Schwartz-Jampel syndrome (SJS, chondrodystrophic myotonia) is a rare autosomal recessive disease defined by myotonia, skeletal abnormalities, facial deformities, and delayed growth. Presentation is variable. It has 2 forms: SJS type 1 and SJS type 2. SJS type 1 is caused by HSPG2 gene mutations. SJS type 2 is caused by a mutation in the LIFR gene; many now consider this to be the same disease as Stuve-Wiedemann syndrome. SJS type 2 has a more severe phenotype than type 1 and most commonly affects individuals from the United Arab Emirates. Depending on the type, clinical signs may be apparent soon after birth or may not be recognized until infancy or age 2. The disease will typically stabilize after adolescence.

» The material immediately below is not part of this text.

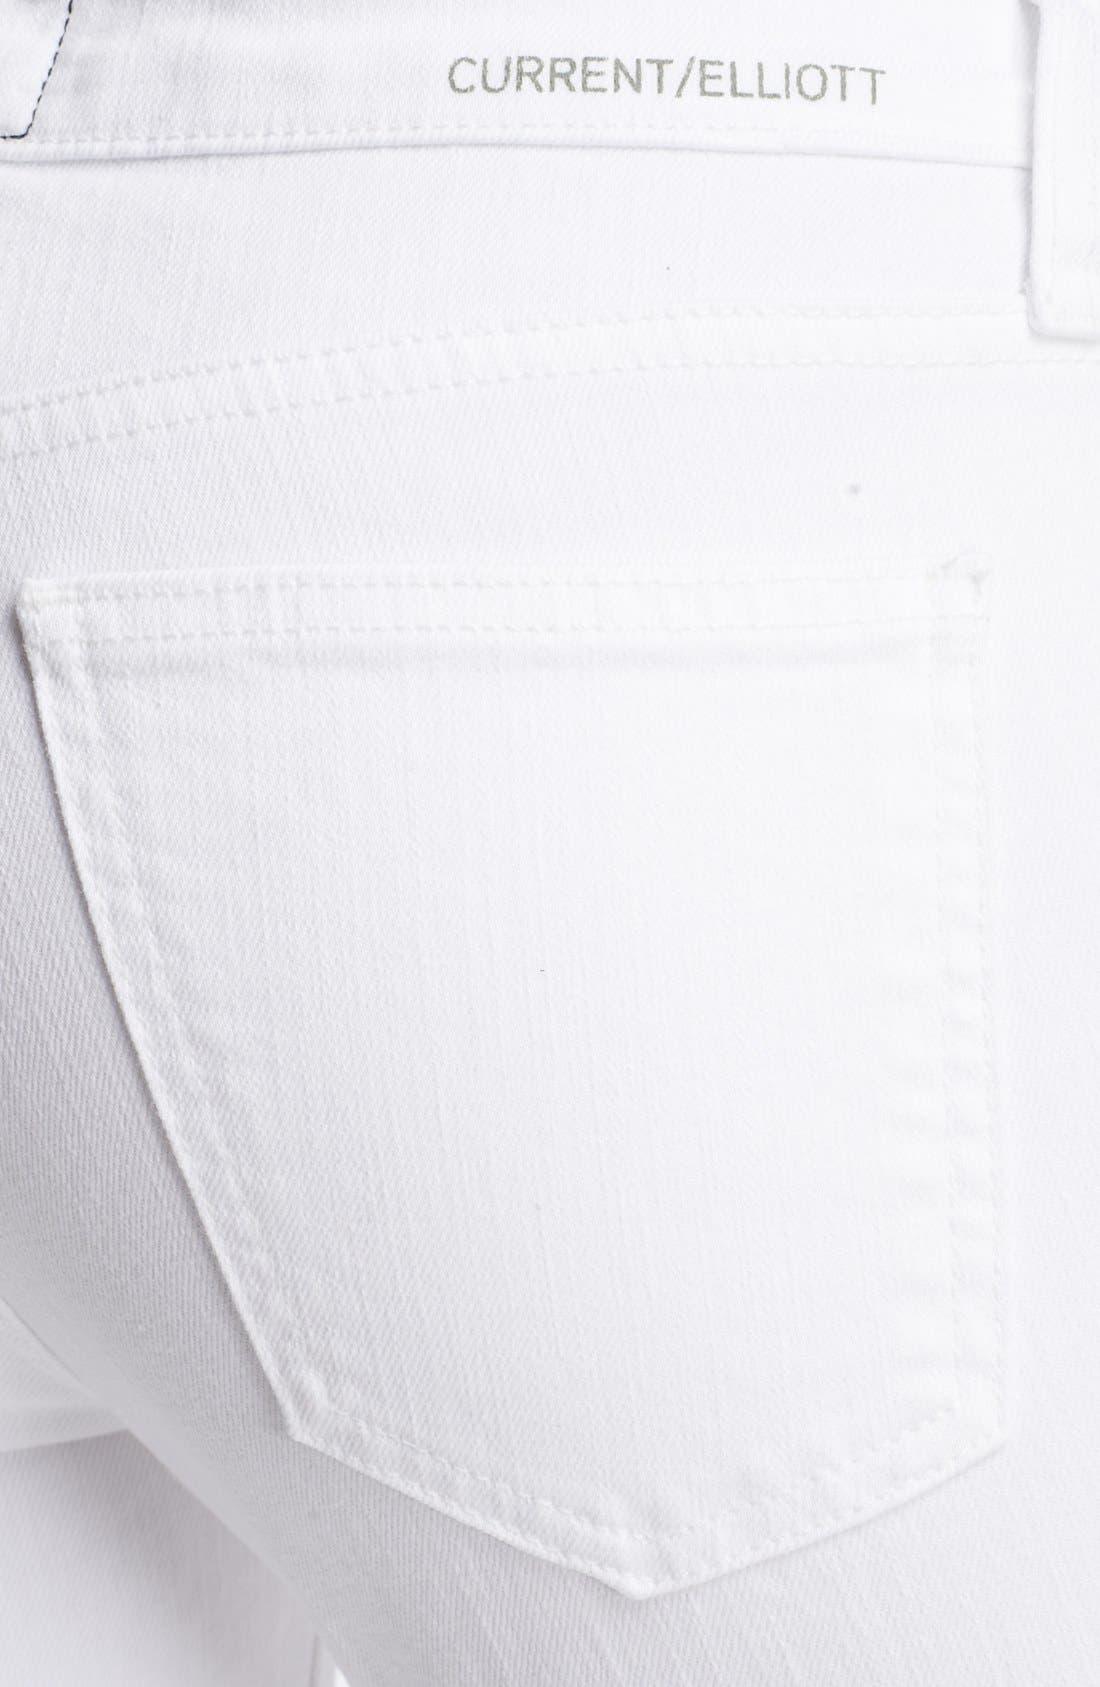 Alternate Image 3  - Current/Elliott 'The Stiletto' Jeans (Sugar)

Most patients with SJS type 1 will have bone abnormalities and chondrodystrophy that may be recognized at birth or noticed by age 2. Additional skeletal malformations may include myotonic myopathy, small skeletal muscles, joint contractures, hip dysplasia, kyphoscoliosis, and pectus carinatum. Infants may have normal or low birth weight, and growth rate will usually fall below normal range within the first and second year of life. Patients may also experience delayed motor development that usually improves after age 2. Mental development is typically normal. Patients usually experience abnormally short stature into adulthood (dwarfism).

SJS type 2 patients are distinguished by unique facial abnormalities, muscle weakness, skeletal abnormalities, bowing of the limbs, and short stature. Joint contractures at birth may also occur. In severe cases, infants may have hyperthermia and trouble feeding, swallowing, and breathing, which may lead to life-threatening complications.

Treatment should be individualized to each patient and their specific symptoms and may require a multidisciplinary approach. Therapy is supportive and symptomatic. Early intervention is essential. Genetic counseling may be beneficial for affected patients and family.